First written in 2006.
Last updated 2014-06-29.
Rotate a point, \((x_1, y_1)\), around the origin, by the angle \(\phi\), resulting in a new point, \((x_2, y_2)\):
$$ \begin{eqnarray*} x_2 & = & x_1 \cos \phi - y_1 \sin \phi\\ y_2 & = & y_1 \cos \phi + x_1 \sin \phi \end{eqnarray*} $$
How to derive the rotation formulas
Start with a point: $$p_1 = (x_1, y_1)$$
In polar coordinates, this is: $$ \begin{eqnarray*} x_1 = r \cos \theta_1\\ y_1 = r \sin \theta_1 \end{eqnarray*} $$
The rotated point will be: $$ \begin{eqnarray*} x_2 & = & r \cos \left(\theta_1 + \phi\right) \\ y_2 & = & r \sin \left(\theta_1 + \phi\right) \end{eqnarray*} $$
Remember the trigonometric identities for addition of angles: (we'll get to these later) $$ \begin{eqnarray*} \sin \left(a + b\right) & = & \sin a \cos b + \cos a \sin b \\ \cos \left(a + b\right) & = & \cos a \cos b - \sin a \sin b \end{eqnarray*} $$
Substituting these in, we get: $$ \begin{eqnarray*} x_2 & = & r \cos \left(\theta_1 + \phi\right) \\ x_2 & = & r \left( \cos \theta_1 \cos \phi - \sin \theta_1 \sin \phi \right) \end{eqnarray*} $$
Using the equations for \(x_1\) and \(y_1\), we can simplify this: $$ \begin{eqnarray*} x_2 & = & \left( r \cos \theta_1 \right) \cos \phi - \left( r \sin \theta_1 \right) \sin \phi\\ x_2 & = & x_1 \cos \phi - y_1 \sin \phi \end{eqnarray*} $$
Likewise, for \(y_2\): $$ \begin{eqnarray*} y_2 & = & r \sin \left(\theta_1 + \phi\right) \\ y_2 & = & r \left( \sin \theta_1 \cos \phi + \cos \theta_1 \sin \phi \right) \\ y_2 & = & y_1 \cos \phi + x_1 \sin \phi \end{eqnarray*} $$
How to derive the addition-of-angles formulas
A complex number on the unit circle, in exponential form: $$e^{\theta i} = \cos \theta + i \sin \theta$$
Multiplying two such complex numbers: $$e^{ai} \times e^{bi} = e^{\left(a+b\right)i}$$
So: $$ \begin{eqnarray*} e^{\left(a+b\right)i} & = & \cos\left(a+b\right) + i \sin\left(a+b\right) \\ e^{ai} \times e^{bi} & = & \left(\cos a + i \sin a\right) \times\\ & & \left(\cos b + i \sin b\right)\\ & = & \cos a \cos b + i \cos a \sin b +\\ & & i \sin a \cos b - \sin a \sin b\\ \end{eqnarray*} $$
Separating the real and complex components: $$ \begin{eqnarray*} \cos\left(a+b\right) & = & \cos a \cos b - \sin a \sin b\\ \sin\left(a+b\right) & = & \cos a \sin b + \sin a \cos b \end{eqnarray*} $$
Implementation and optimization
Here's a straightforward implementation of rotation in C++:
void rot1(const double x1, const double y1, const double theta, double* x2, double* y2) { const double s = sin(theta); const double c = cos(theta); *x2 = x1 * c - y1 * s; *y2 = y1 * c + x1 * s; }
The above costs 4 multiplies, 1 add, 1 subtract.

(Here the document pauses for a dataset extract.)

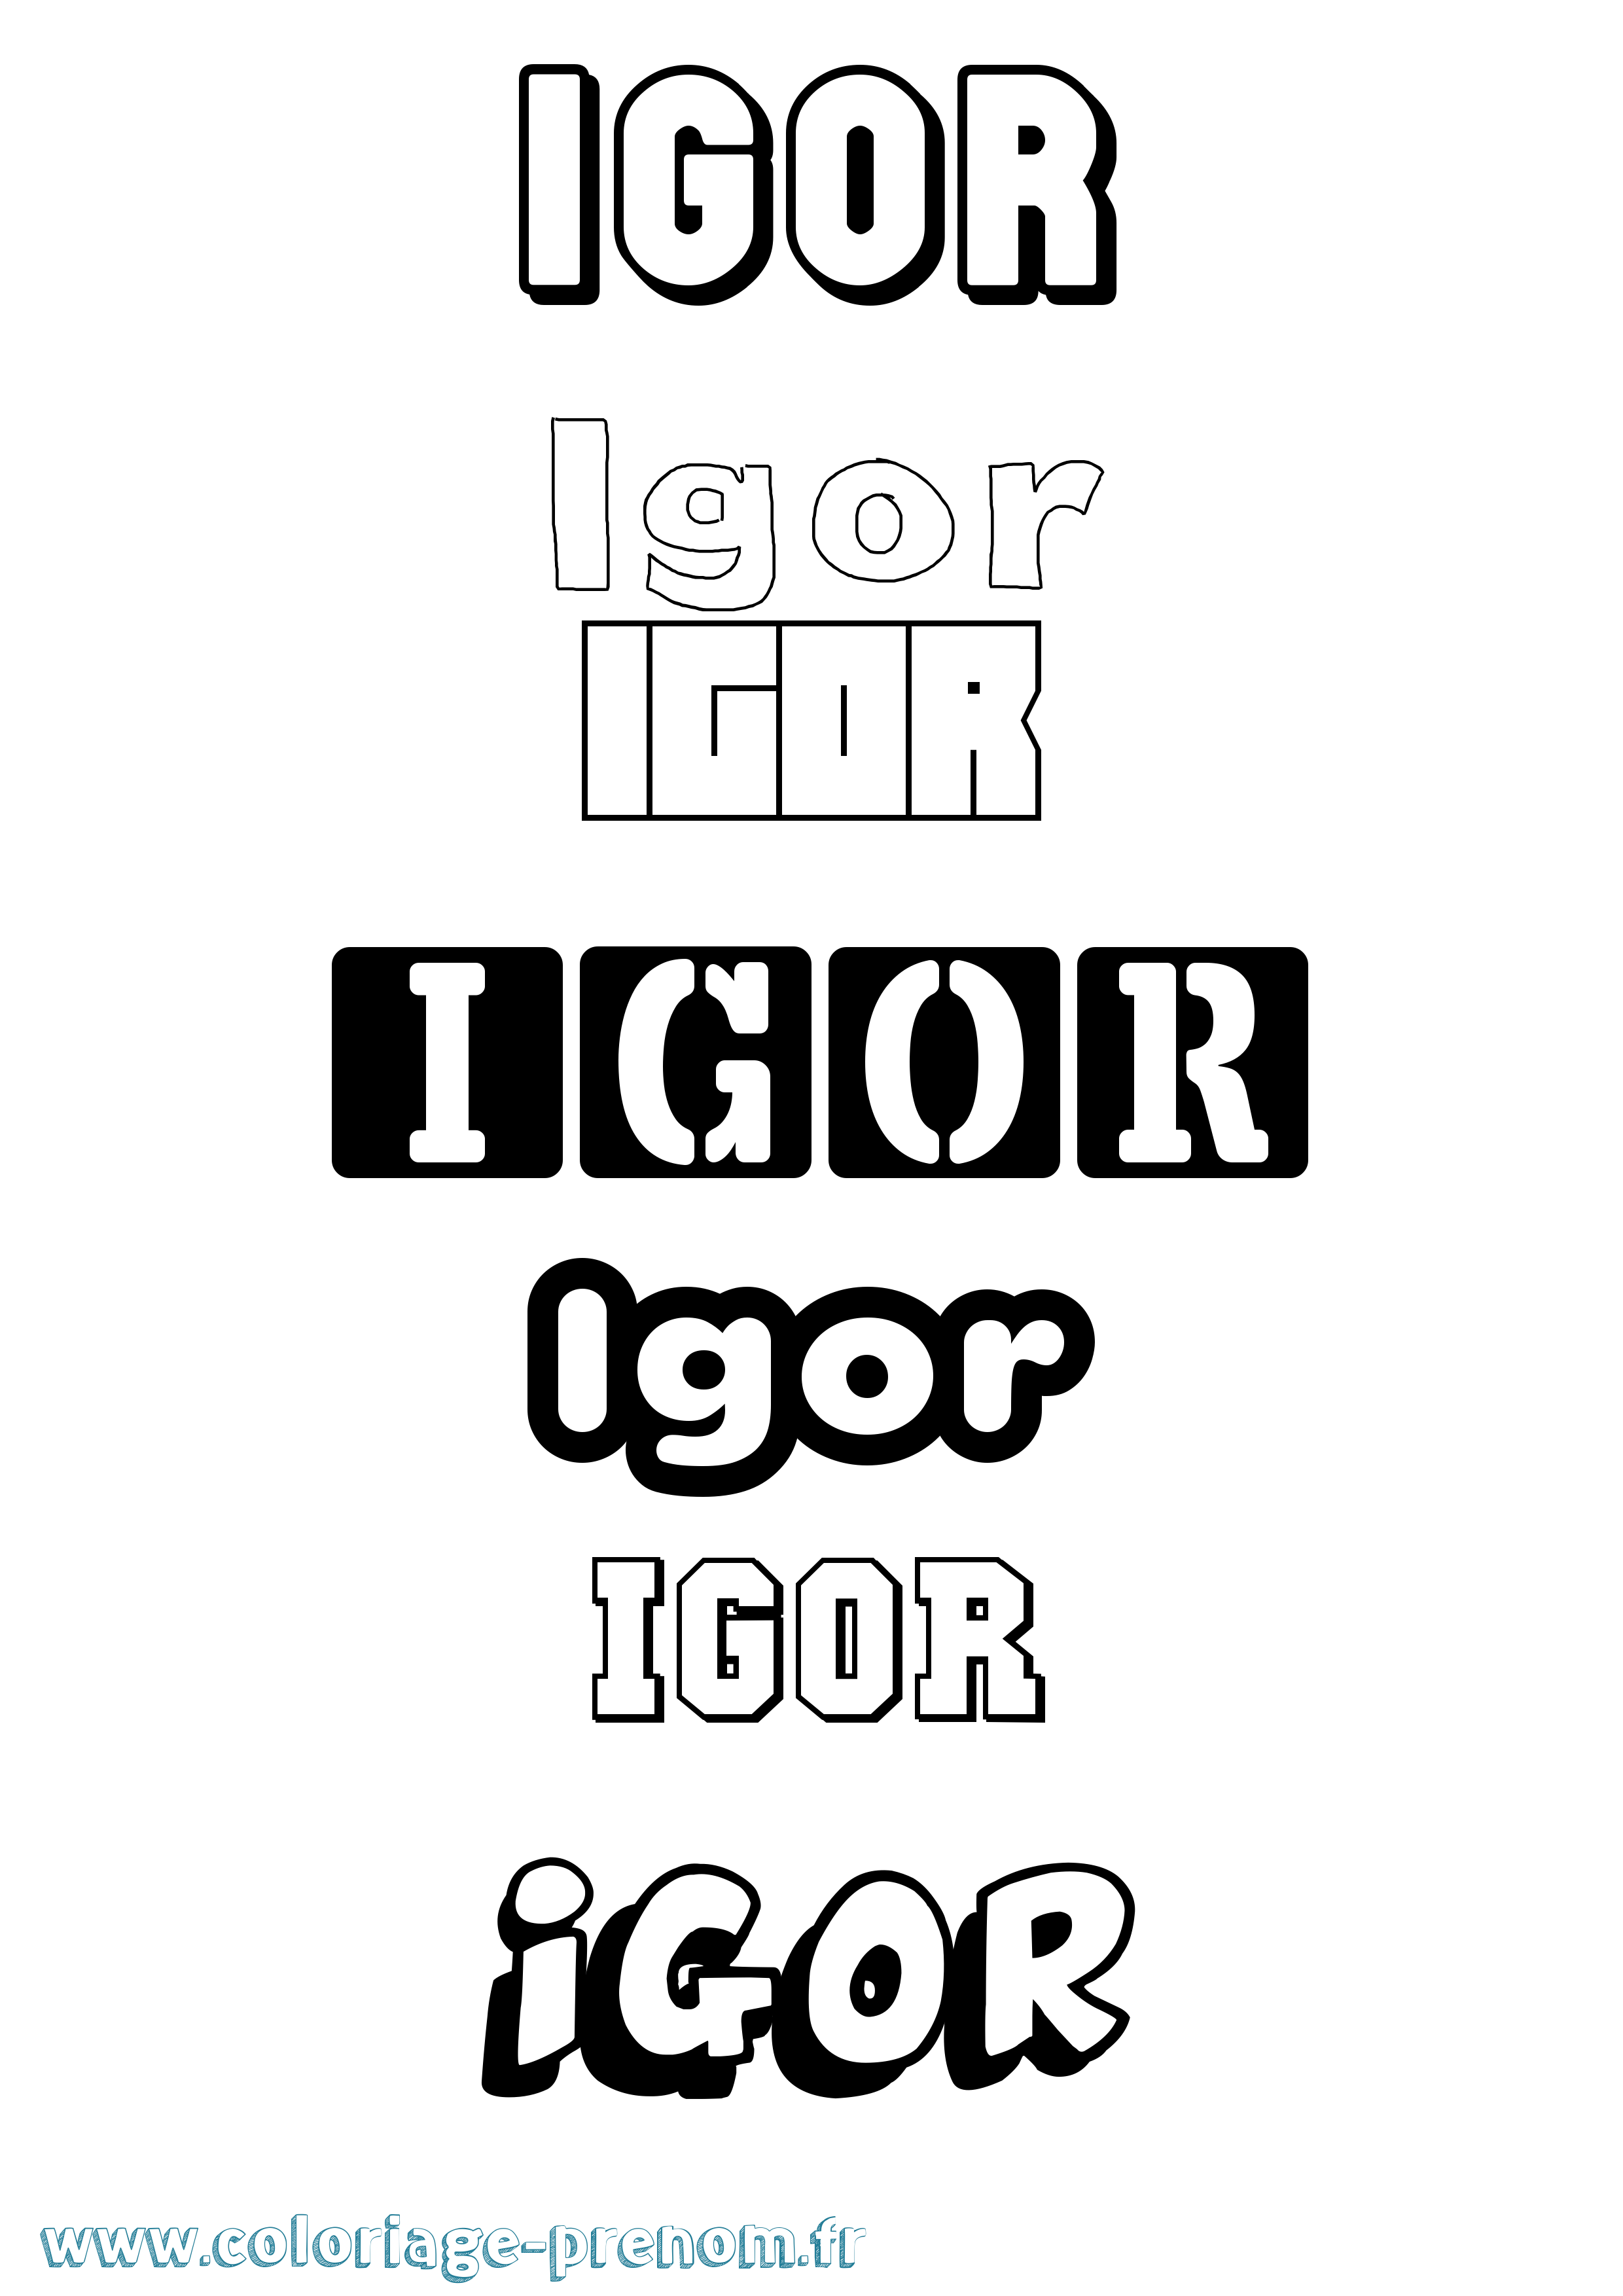 Coloriage prénom Igor
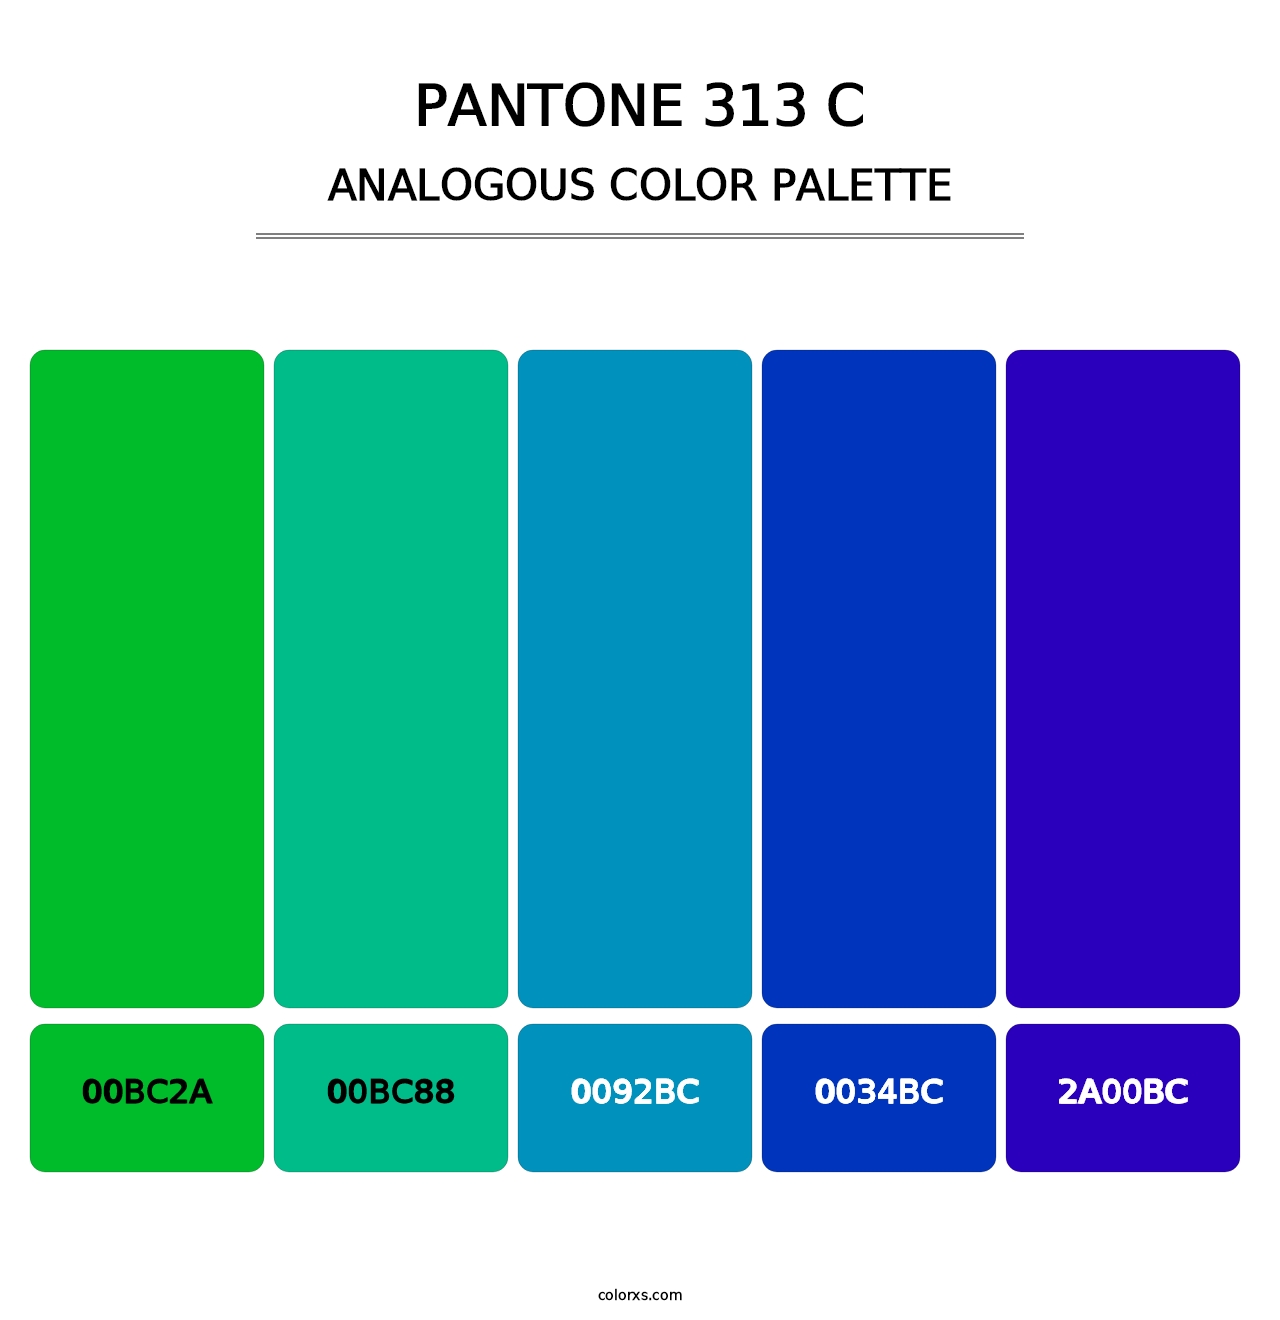 PANTONE 313 C - Analogous Color Palette

We can trade one of the multiplies for 2 adds and 1 subtract:
void rot2(const double x1, const double y1, const double theta, double* x2, double* y2) { const double s = sin(theta); const double c = cos(theta); const double z = x1 * (s + c); *x2 = z - (x1 + y1) * s; *y2 = z + (y1 - x1) * c; }
The above costs 3 multiplies, 3 adds, 2 subtracts.
If the angle is fixed, there's a further optimization possible:
void rot3(const double x1, const double y1, double* x2, double* y2) { const double s = sin(1. * M_PI / 16.); const double c = cos(1. * M_PI / 16.); const double z = c * (x1 + y1); *x2 = (-s-c) * y1 + z; *y2 = ( s-c) * x1 + z; }
The above costs 3 multiplies and 3 adds, because -s-c
and s-c
are turned into constants.
All the code is here: rot.cc
I'm not counting operations by looking at the C++ code, but by looking at the generated assembler. There are instructions and results in the file.